Het hof legt de stellingen van Crye Precision c.s. zo uit dat zij zich er ook op beroepen dat UF PRO zich in Nederland schuldig heeft gemaakt aan auteursrechtinbreuk, althans slaafse nabootsing door artikelen met het SloCam-dessin in Nederland aan te bieden en aan GFP te verkopen, waardoor zij ook in Nederland schade hebben geleden. Dat brengt mee dat de rechtsmacht van de Nederlandse rechter kan worden gebaseerd op artikel 7 lid 2 Brussel I-bis, omdat Nederland dan geldt als plaats waar het schadebrengende feit zich heeft voorgedaan. Tijdens de mondelinge behandeling voor het hof op 12 november 2024 hebben Crye Precision c.s. bevestigd dat zij de rechtsmacht van de Nederlandse rechter mede op dit artikel willen doen steunen.
3.7.
GFP heeft aangegeven dat zij 5 producten met het SloCam design van UF PRO heeft afgenomen en in Nederland heeft verkocht.
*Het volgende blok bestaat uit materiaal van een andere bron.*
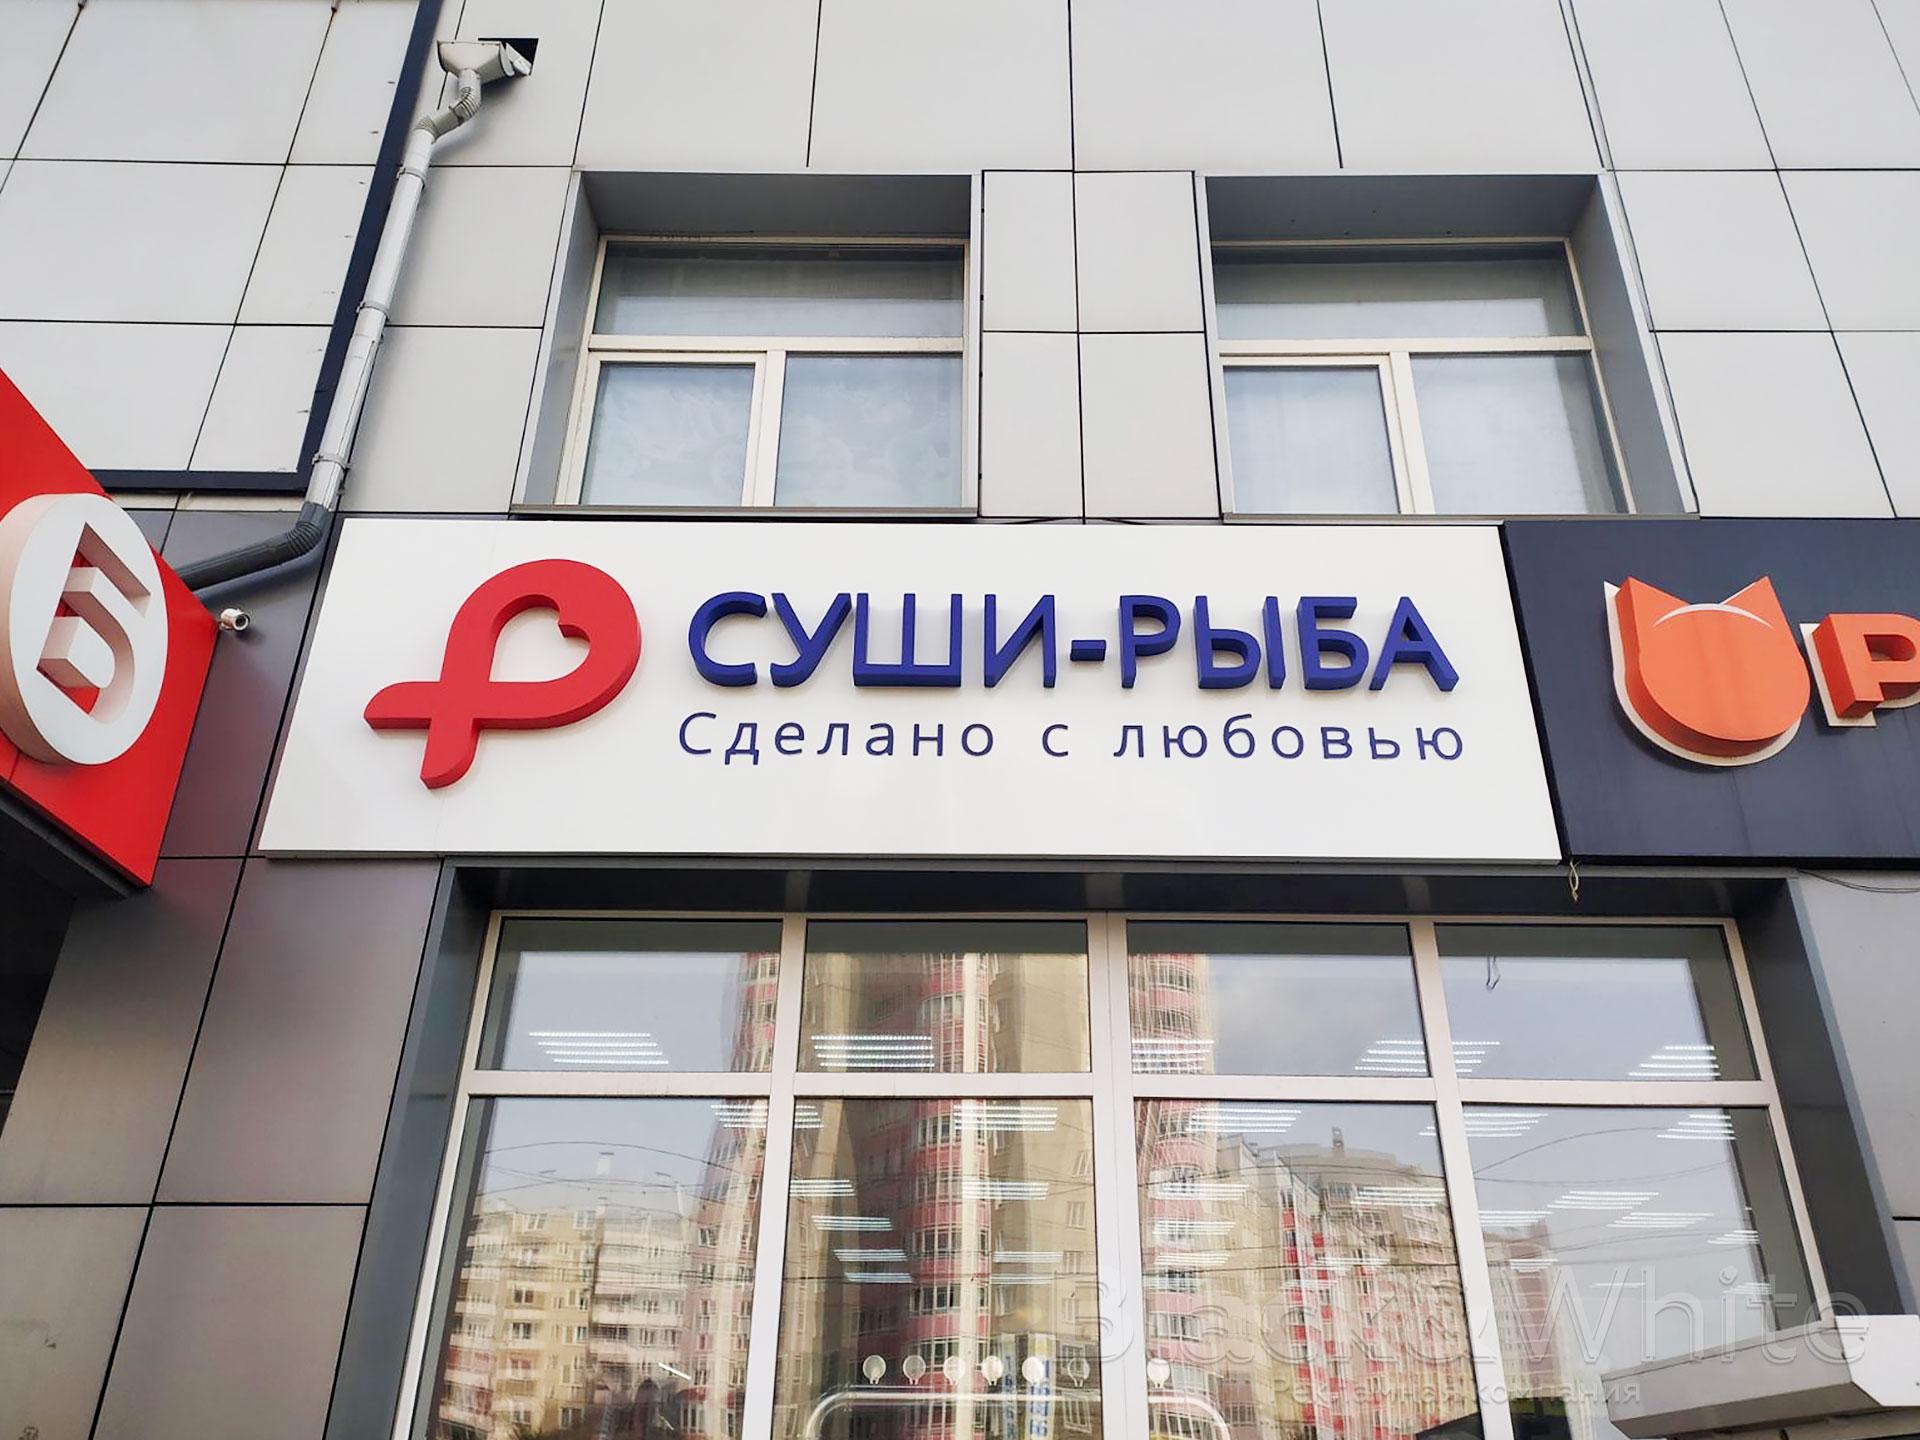 Вывеска-для-доставки-сущи-изготовление-на-заказ-Красноярск.jpg

Daarmee lijkt vooralsnog sprake te zijn van een gestelde auteursrechtinbreuk door UF PRO in Nederland, zij het op kleine schaal, waarmee mogelijk de rechtsmacht van de Nederlandse rechter op artikel 7 lid 2 Brussel I-bis kan worden gebaseerd. Omdat hierover nauwelijks is gedebatteerd, zal het hof partijen gelegenheid geven zich hier nader over uit te laten alvorens het tot een oordeel komt. Iedere verdere beslissing zal worden aangehouden.

4.De beslissing

Het hof:
4.1.
verwijst de zaak naar de rol van 25 maart 2025, zodat UF PRO zich bij akte kan uitlaten over hetgeen het hof in 3.6-3.7 heeft overwogen; Crye Precision c.s. krijgen vervolgens de gelegenheid bij antwoordakte te reageren op de akte van UF PRO;
4.2.
houdt iedere verdere beslissing aan.
Dit arrest is gewezen door mrs. F.J. de Vries, M.P.M. Hennekens en M. Schut, en is door de rolraadsheer in tegenwoordigheid van de griffier in het openbaar uitgesproken op 25 februari 2025.

Voetnoten

1.Zie onder meer HR 17 april 2015, ECLI:NL:HR:2015:1077, r.o. 3.3.2.
2.Vergelijk HvJ EU 7 september 2023, ECLI:EU:C:2023:635, punt 45.